(How to complete this task): Starting at the first line of the listing below, retype each line up to and including the one that contains "A BRONZE OF". Leave pictures out.

┌─ Collected material

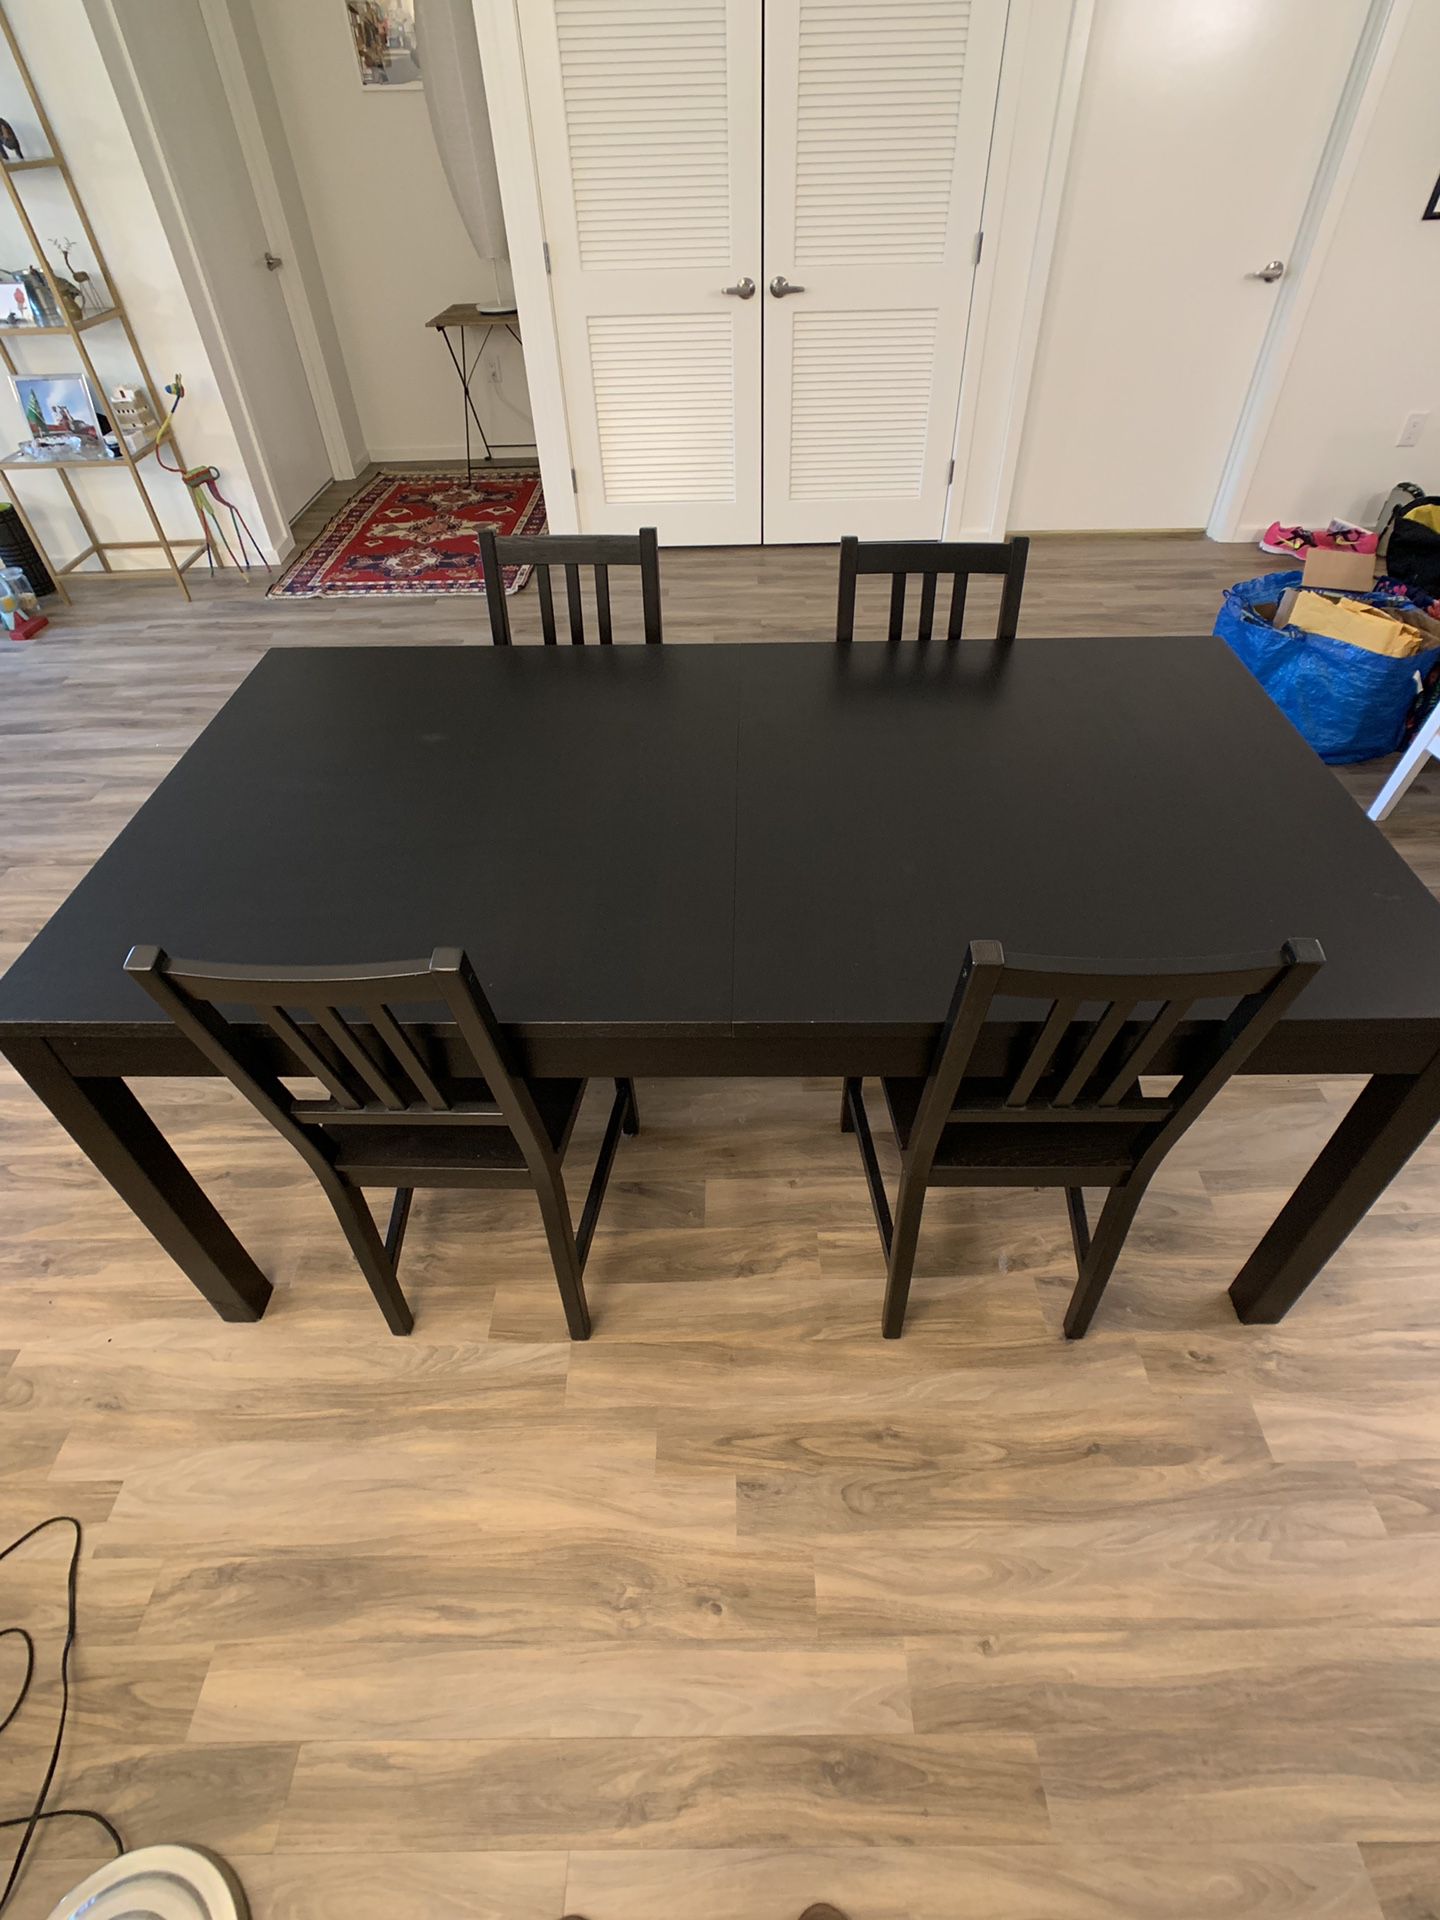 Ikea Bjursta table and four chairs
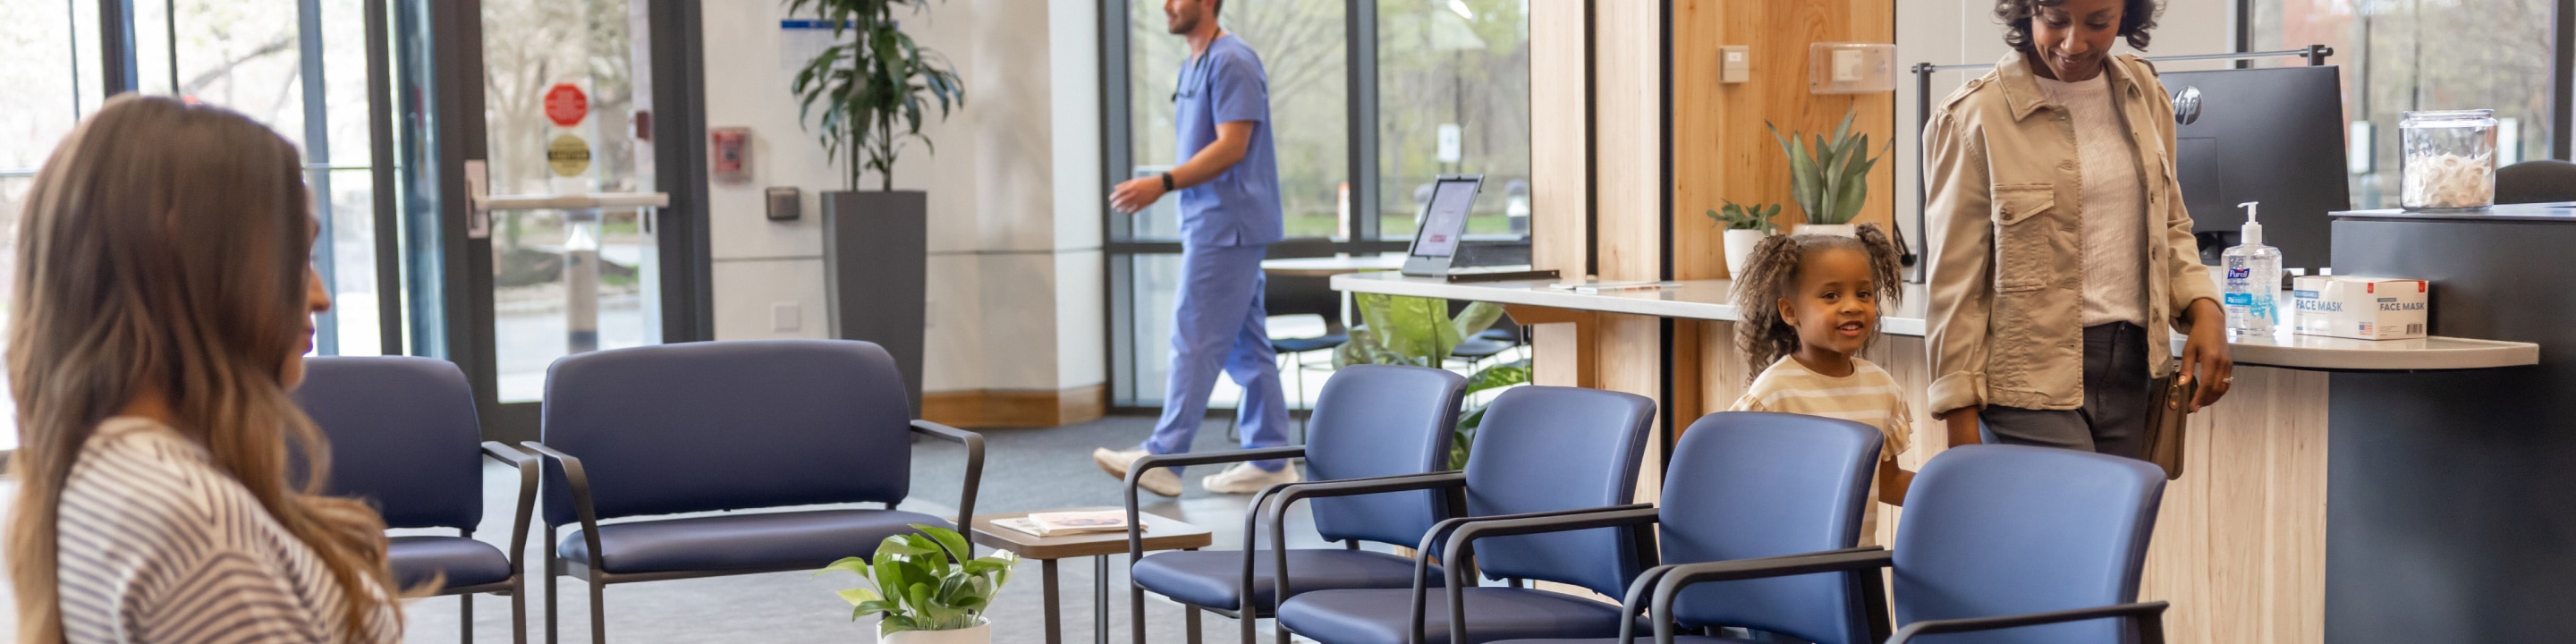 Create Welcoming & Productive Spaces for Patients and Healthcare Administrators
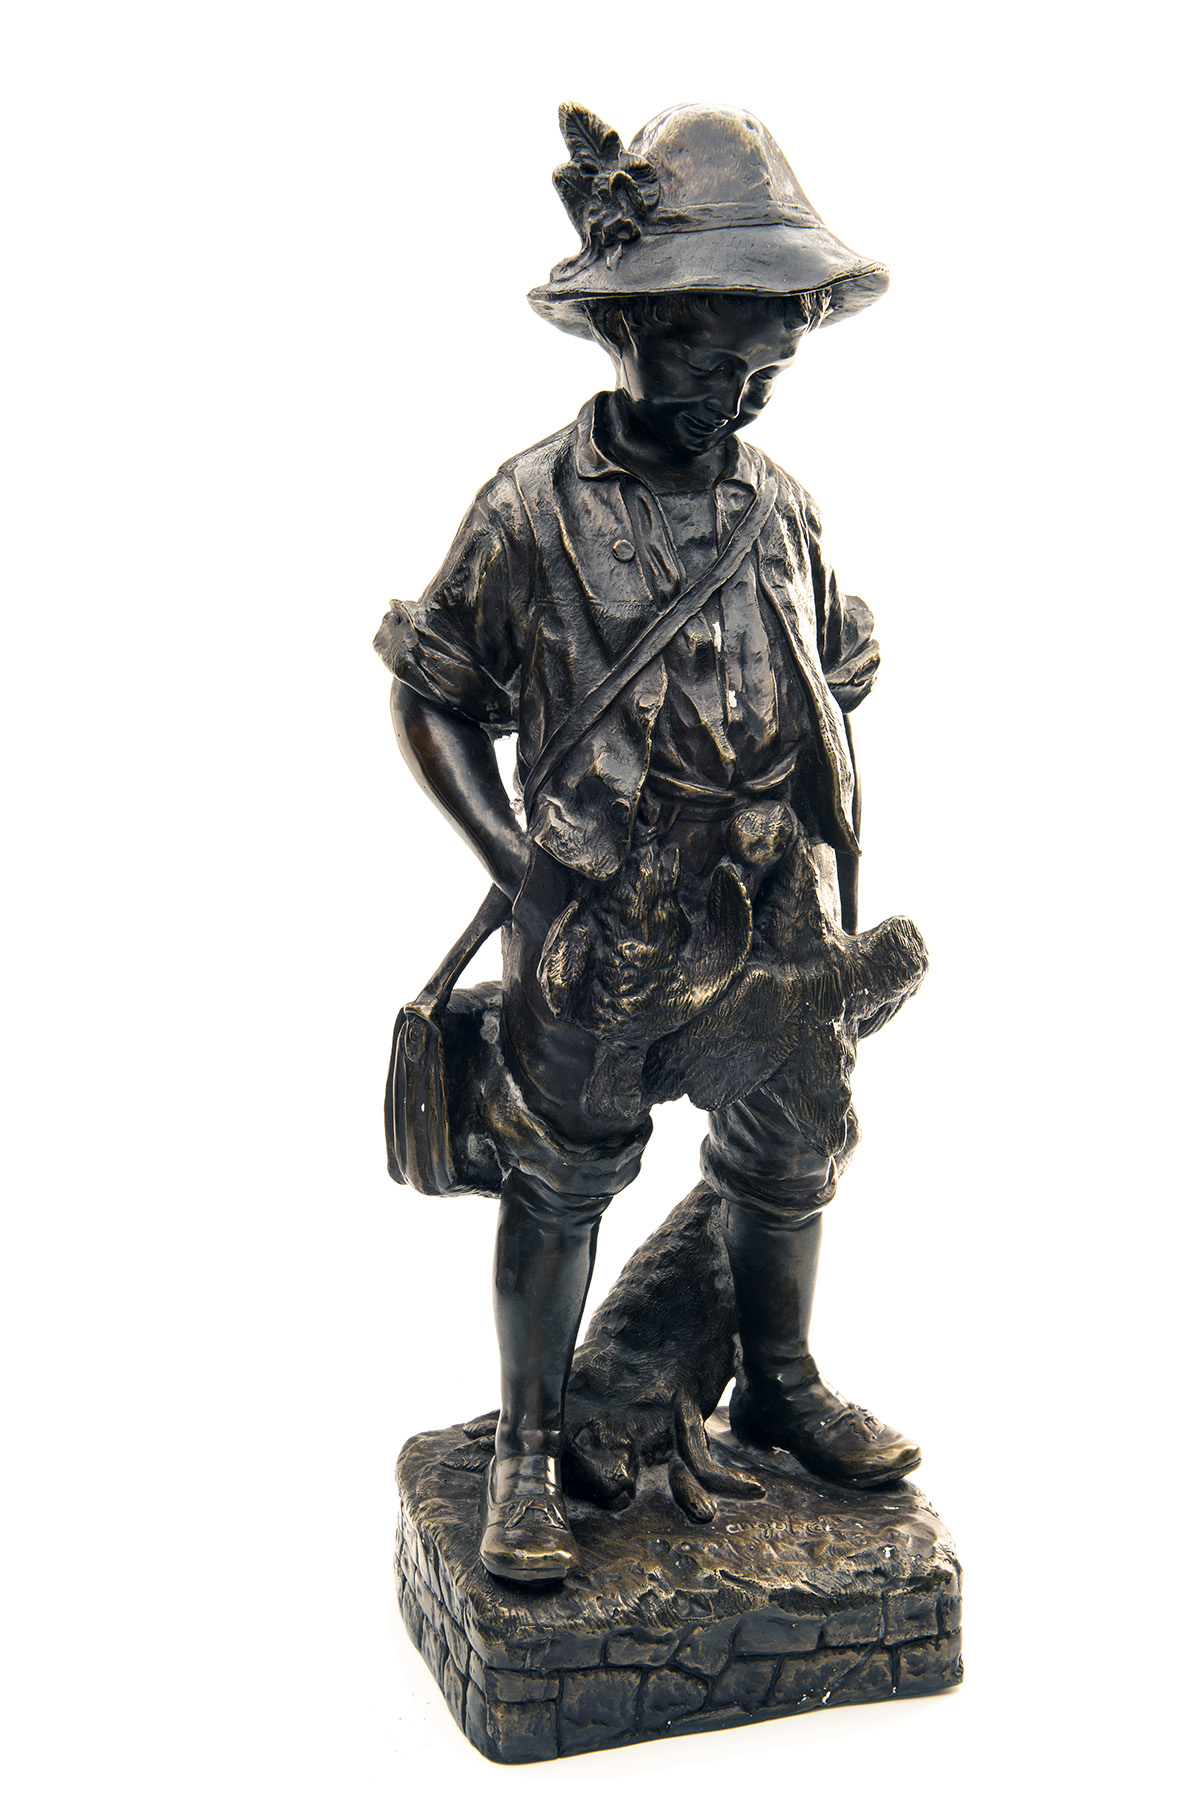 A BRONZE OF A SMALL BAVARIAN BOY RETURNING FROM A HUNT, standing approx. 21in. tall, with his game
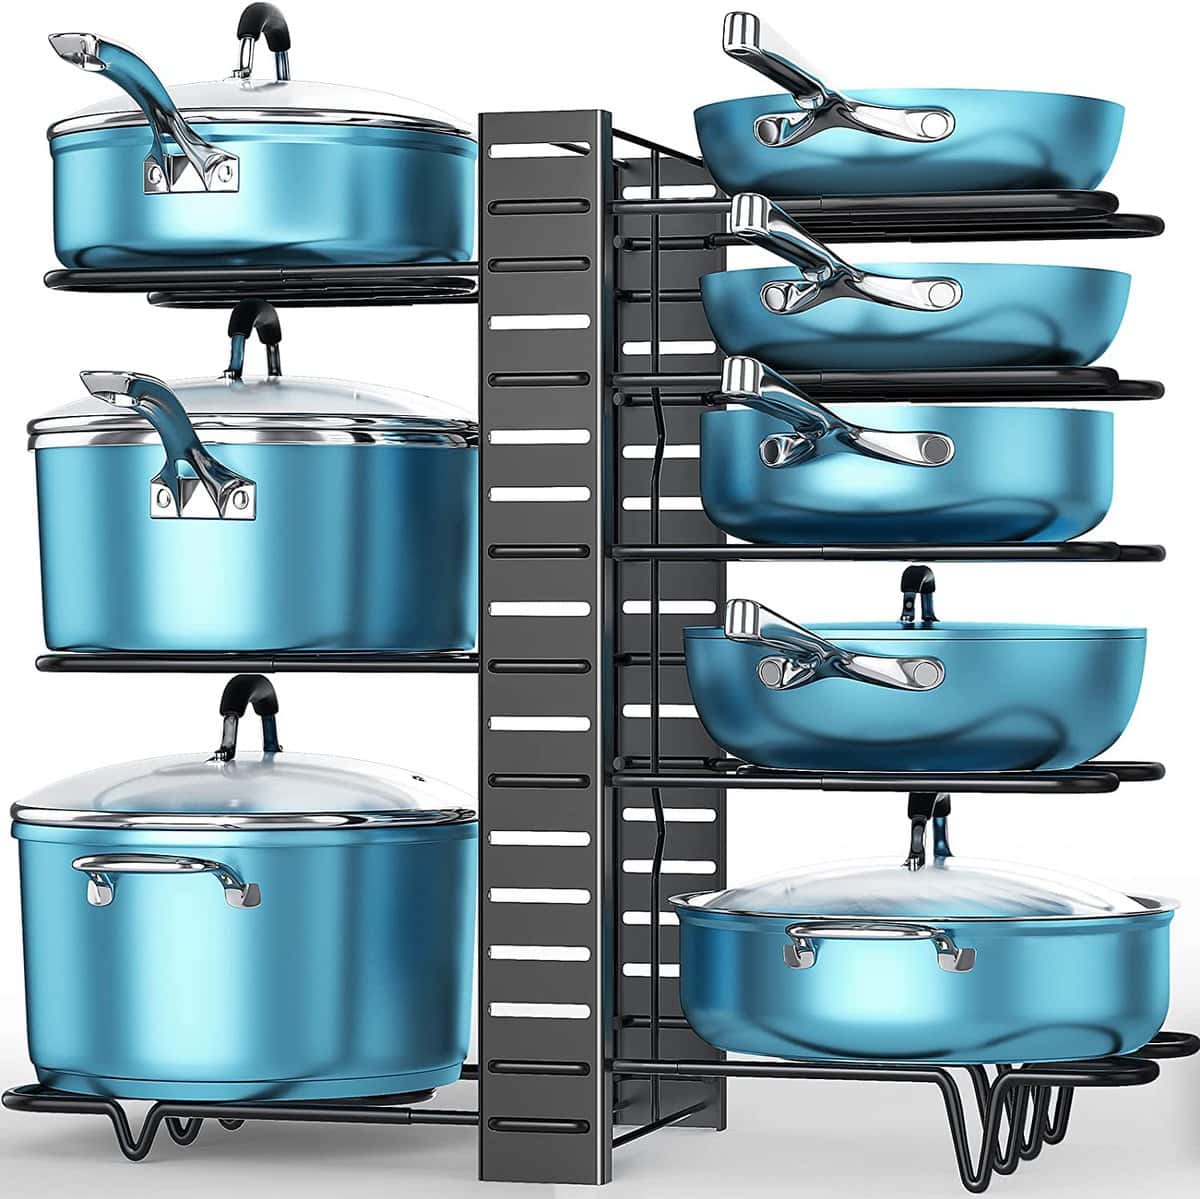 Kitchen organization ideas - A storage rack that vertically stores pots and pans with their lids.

└─

(Task result):
 Ikea Bjursta table and four chairs
 Create Welcoming & Productive Spaces for Patients and Healthcare Administrators
 A BRONZE OF A SMALL BAVARIAN BOY RETURNING FROM A HUNT, standing approx. 21in. tall, with his game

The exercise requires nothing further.